Benefits of Edge Computing

Edge computing systems store and process data collected locally on devices without uploading it to a cloud computing platform. This comes with several important advantages to lowering the pressure of network bandwidth and other disadvantages of cloud computing.

• Performance: Edge computing technology offers fast data processing and analysis, and fast response speed enabling real-time services. It provides users with a variety of fast response services, especially in automatic driving intelligent manufacturing, video monitoring, and other location awareness; rapid feedback is critical. For example, real-time computer vision applications.

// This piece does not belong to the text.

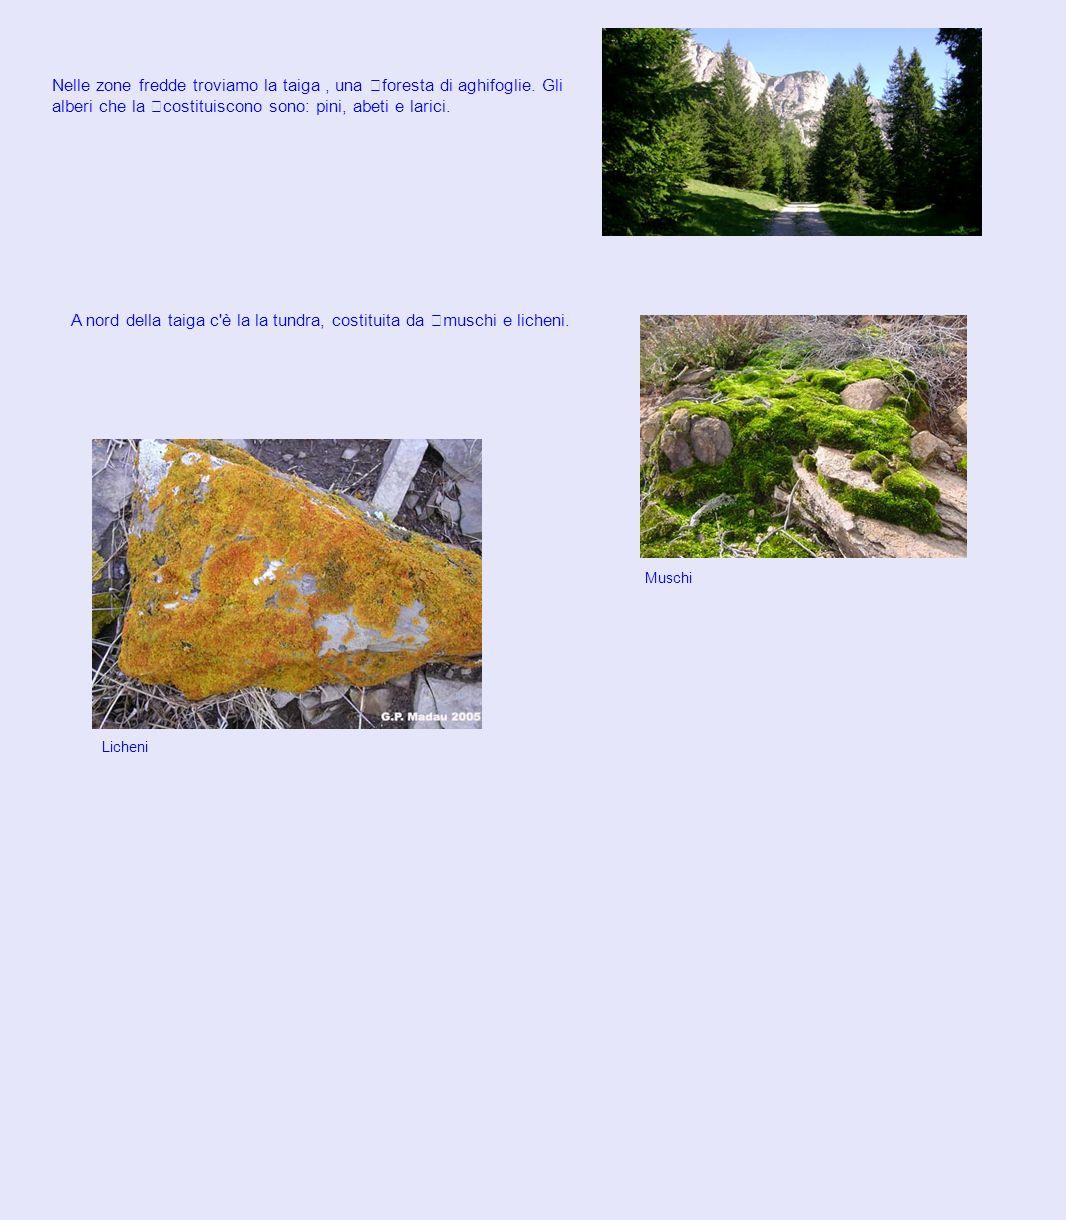 A nord della taiga c è la la tundra, costituita da muschi e licheni.

• Privacy and Security: The centralized approach of traditional cloud computing requires all data to be uploaded to the cloud for unified processing. Therefore, cloud-based processing exposes significant risks of data loss and data leakage. Edge computing is based on local data, and there is no need to upload data to the cloud, which avoids the risks brought by network transmission. As a result, attacks and failures only affect local data, not entire data. On-device computing and AI inference make it possible to guarantee data security. Furthermore, on-device computing is distributed for the training of AI models, named Federated Learning.
• Efficiency: On-device computing reduces the amount of data transmitted on the network, reduces the transmission cost and network bandwidth pressure, reduces the energy consumption of local equipment, and improves computing efficiency. Edge computing drives the development of highly efficient AI hardware such as deep learning accelerators (e.g., Vision Processing Units).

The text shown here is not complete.